Ending the trip early also ends the insurance coverage so you are exposing yourself to a shitstorm to appease a pain the ass rider who's probably going to ding you anyways.


----------



## Elmoooy (Sep 3, 2014)

ElectroFuzz said:


> Well I just learned from a passenger that when you give a low rating
> Uber emails them for more information.
> I don't know if this is something new but it can't hurt IMO


You have sources?


----------



## Sydney Uber (Apr 15, 2014)

ElectroFuzz said:


> Well I just learned from a passenger that when you give a low rating
> Uber emails them for more information.
> I don't know if this is something new but it can't hurt IMO


Wow! They are trying to verify a low rating?

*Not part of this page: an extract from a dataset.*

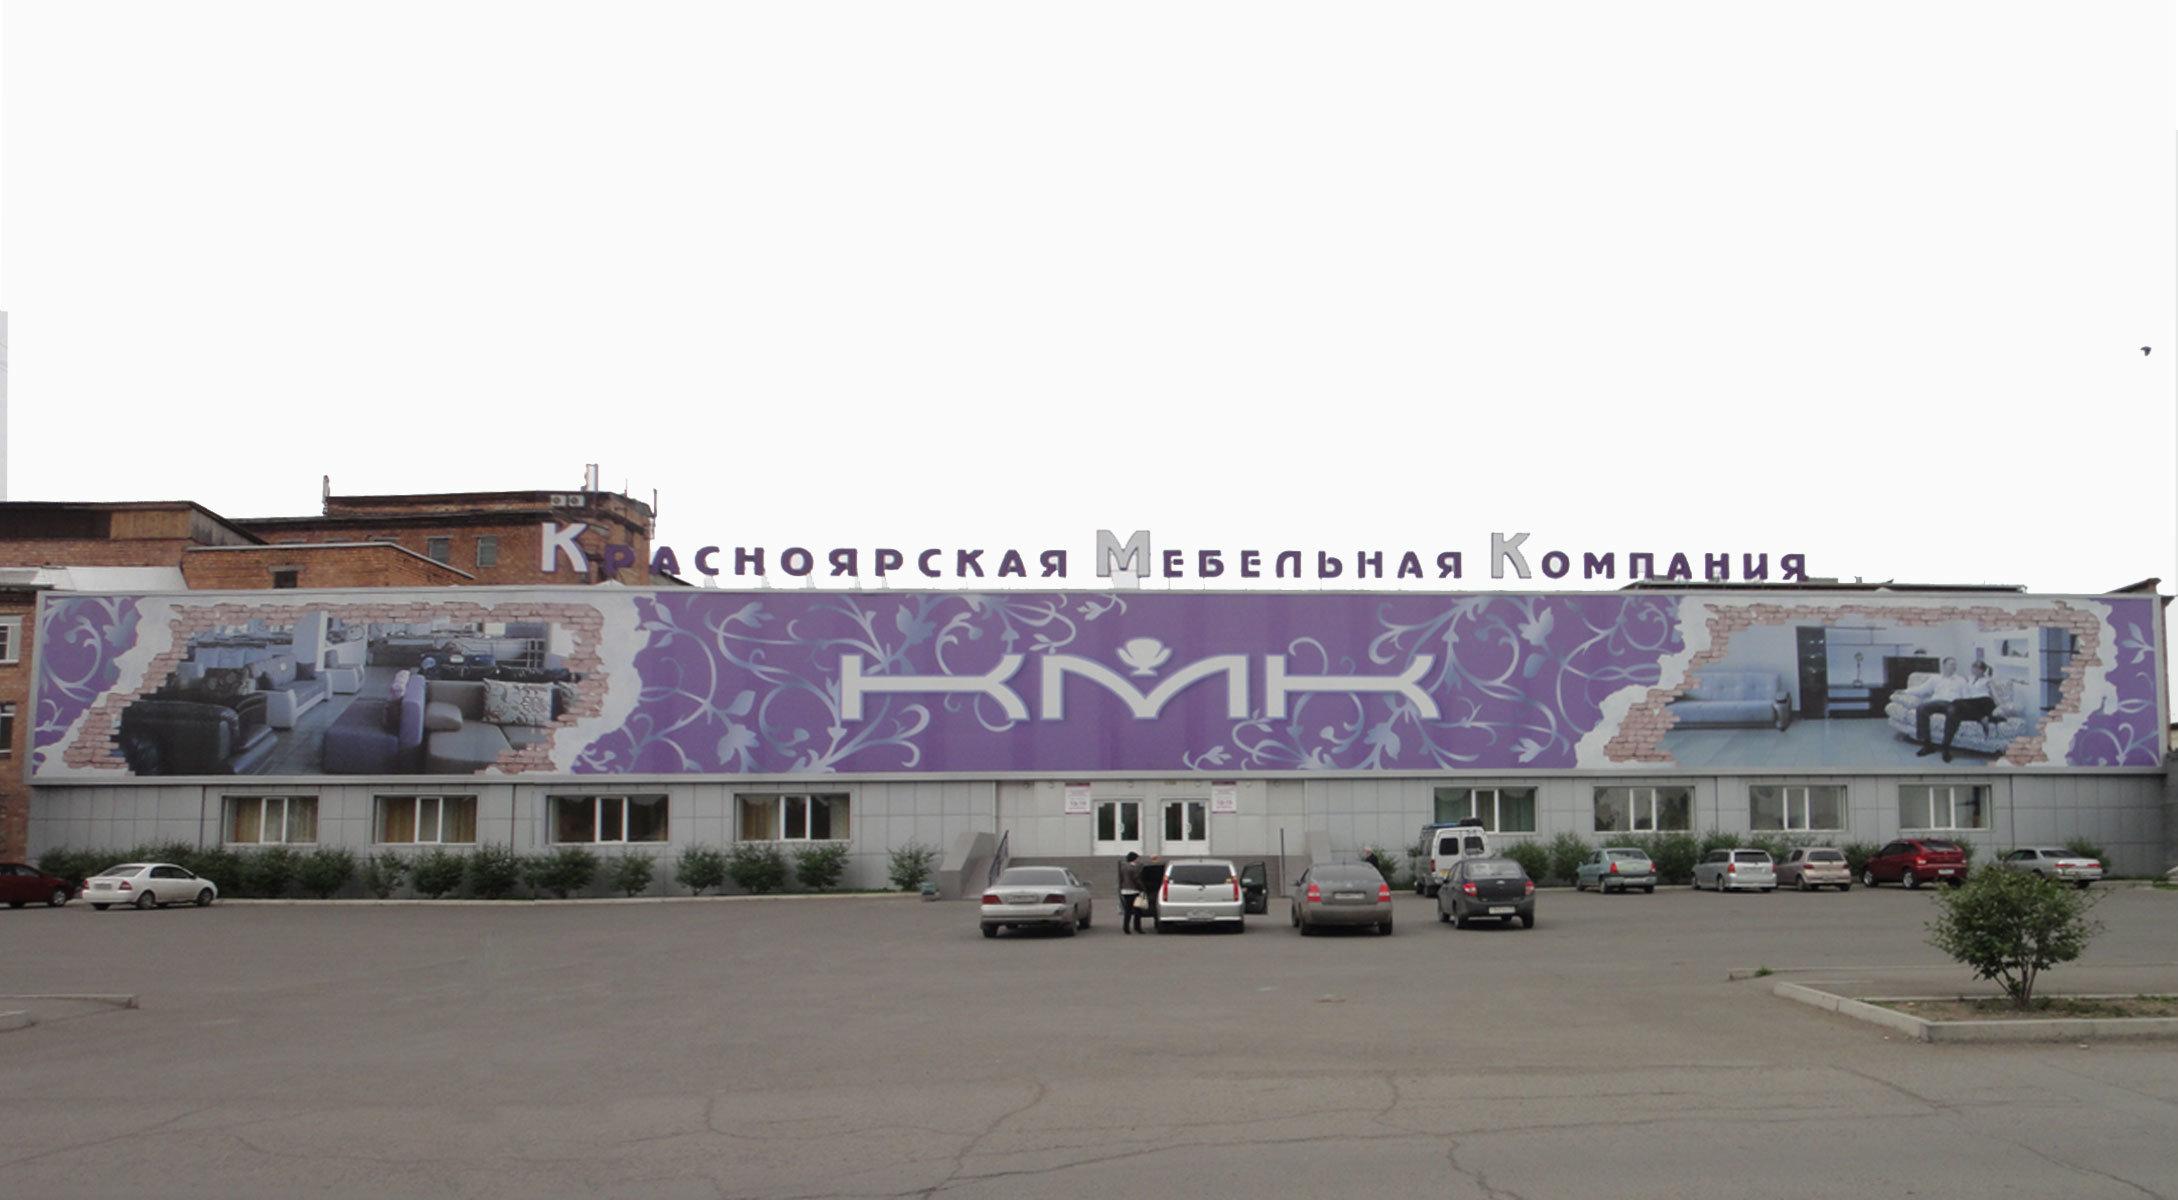 Красноярская мебельная компания, Абакан

Is that followed up by a reversal if it was for something that the driver was not in control of?

Like: Bad p/up due to pin location
Surge prices
Delays
Driver stuck to road rules
Are just a few things I've been rated badly for


----------



## osii (Aug 21, 2014)

I'd like a little sign that says this:

If at anytime you feel this is not a 5 star experience, Please inform the driver immediately to terminate this ride.


----------



## ElectroFuzz (Jun 10, 2014)

Elmoooy said:


> You have sources?


This is from a passenger, we were talking about ratings.
She told me she always rates 5 but she had a really rude driver
so she rated him a 1 star.
Uber sent her an e-mail asking why.


----------



## TaninLa (Aug 4, 2014)

ElectroFuzz said:


> This is from a passenger, we were talking about ratings.
> She told me she always rates 5 but she had a really rude driver
> so she rated him a 1 star.
> Uber sent her an e-mail asking why.


I received an email from customer service when I recently had to give a driver less than 5. I'm talking SERIOUSLY dangerous driving complete with a four point u turn at a blind spot on a hill where we were almost hit. And, well, acting like he didn't know the beach was to the west (huh? It's called the WEST coast) so he went east for ten blocks because we were too busy talking to notice.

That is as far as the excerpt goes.